Mexican actress (born 1990)

Alejandra Robles Gil Pérez (born February 7, 1990) is a Mexican actress.

==Biography==
Alejandra Robles Gil was born in Mexico City and graduated from the Centro de Educación Artística (CEA). She began her television career in 2012 with the hit telenovela Porque el amor manda, where she played Alejandra, sharing credits with Blanca Soto and Fernando Colunga.

That same year she played Liz in the telenovela Wild at Heart, along with Ana Brenda Contreras and Daniel Arenas. In 2014, she played the evil Inés in The Stray Cat, alongside Maite Perroni and again with Daniel Arenas.

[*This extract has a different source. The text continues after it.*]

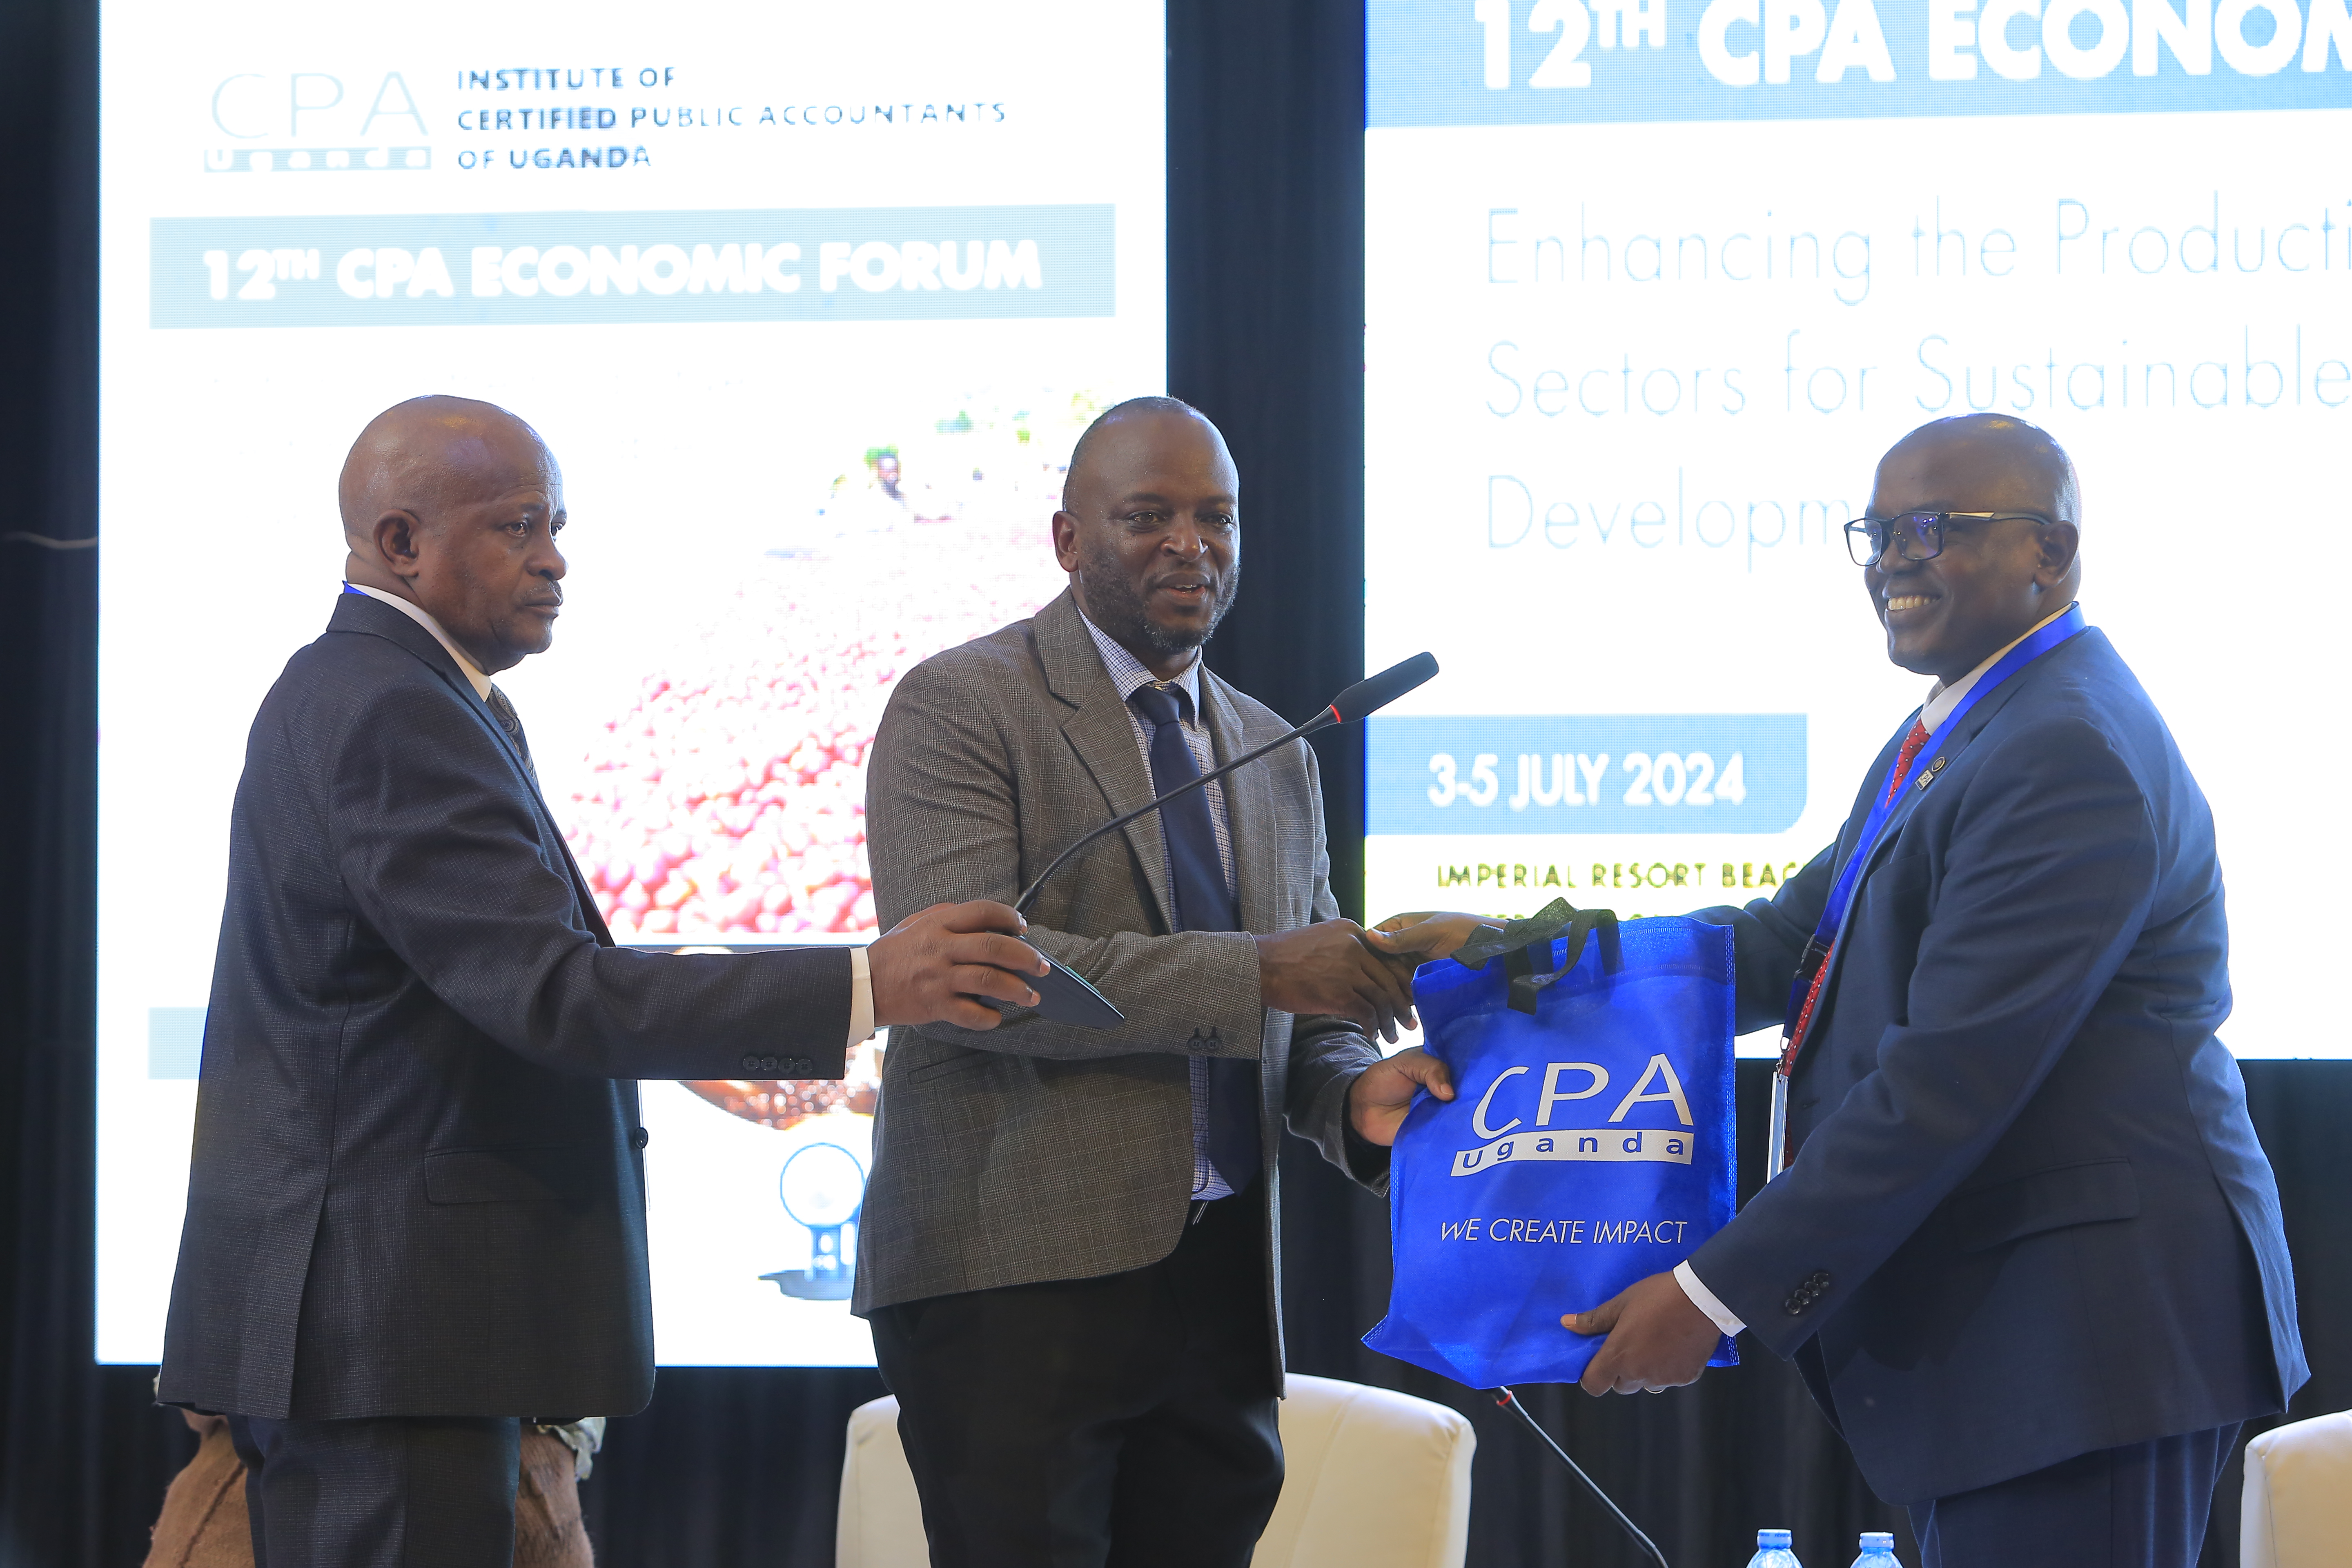 One of the Silver sponsors, Bank of Uganda (C) receiving a token of appreciation from ICPAU’s former President CPA Constant Mayende at the 12th CPA Economic Forum.

In 2015, Robles Gil played Teodora in the telenovela Que te perdone Dios, with Zuria Vega and Mark Tacher. That same year, she participated in the series Como dice el dicho, in the chapter "Quien pobre anocheció".

In 2016 she played Lucía Arenti in the telenovela Simplemente María, with Claudia Álvarez, José Ron, and Eleazar Gómez.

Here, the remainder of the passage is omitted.